Мать встретила сына со слезами горя и радости. Ее сердцу одинаково близки и те, которые сидят неизвестно за что, и этот.
— Успокойся, мама, все будет хорошо. Я уже закончил школу, устраиваюсь на работу, а там и отец с Луизой вернутся домой…
— Дай-то бог… И ты берегись, сынок, не попадайся им в руки. Наше дело — работать, кусок хлеба нужен человеку… Вот и пригостить тебя нечем…
— Все поправится, мама, это просто недоразумение… — как мог, утешал мать, а она, исстрадавшаяся, все смотрела на сына и не могла насмотреться.
Мать искренне верила, что он будет работать на железной дороге, как его отец, и очень радовалась этому. А когда Ганс выложил перед нею небольшую пачку марок, даже возгордилась — кормилец!
На второй день Ганс пошел в Старый Моабит на свидание с родными. Ожидать пришлось долго. Он знал, кем гестапо набивает эту тюрьму. Сюда заключены коммунисты, антифашисты, разные недоброжелатели фюрера. И вдруг острая мысль сверкнула в голове:
«Неужели и отец?.. А сестра?»
До сих пор подобные вопросы не возникали в его сознании. Чтобы Петер Брауниц, тихий, спокойный дядюшка Петер, как называли его рабочие депо, а тем более Луиза имели какое-то отношение к коммунистам, к этим открытым врагам великого фюрера?
И вот они стоят перед ним, отделенные железной решеткой. И как спросить их об этом в присутствии надзирателя?
— Здравствуй, отец! Здравствуй. Луиза! О матери не беспокойтесь, она здорова, держится бодро… Мы надеемся, что это недоразумение скоро выяснится…
— О каком недоразумении ты говоришь, сынок? — иронически спросил отец.

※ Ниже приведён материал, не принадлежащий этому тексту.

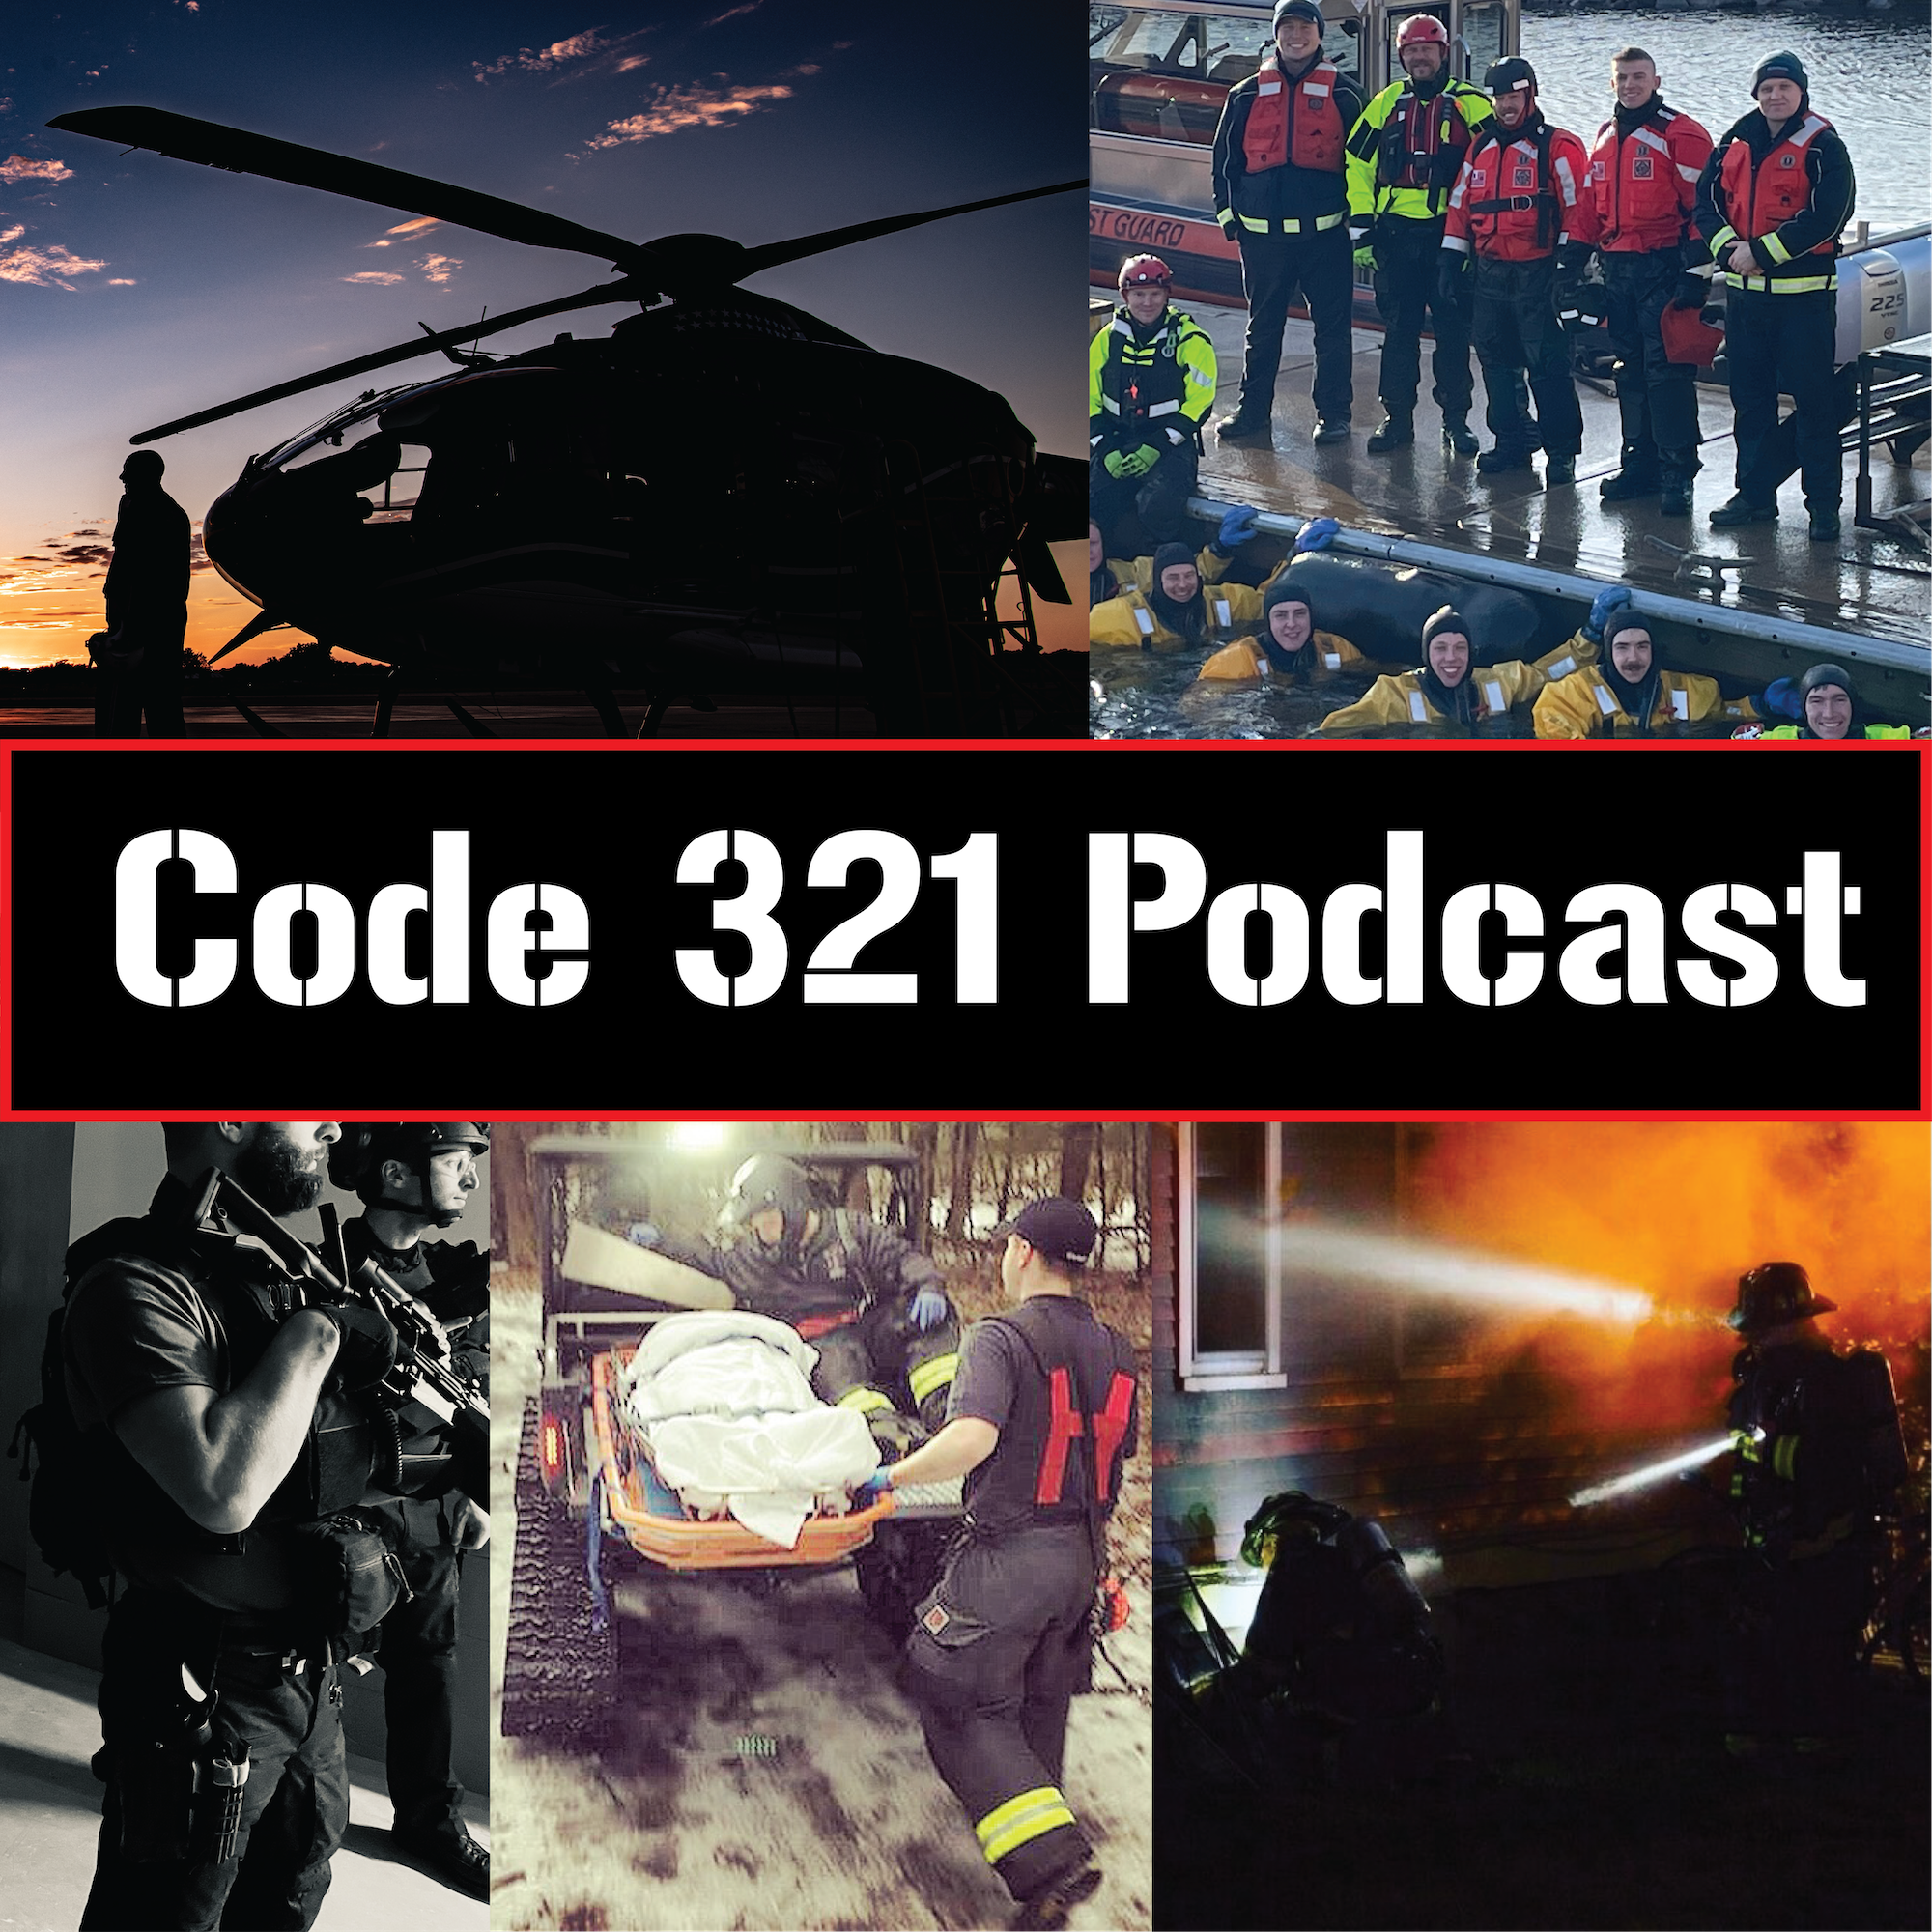 Code 321 Podcast Trailer

— Да все это… — Его взгляд мечется между отцом и сестрой, пытаясь угадать правду, но ничего не может прочесть на их измученных лицах, ничего не выражают глубоко запавшие глаза, кроме страдания.
— А как ты? Все с ними? — строго спросил отец, и сын понял, кого он подразумевает под «ними».
— Я закончил школу… Устраиваюсь на работу…
— На какую работу? — допрашивает отец, не отрывая взгляда от лица сына.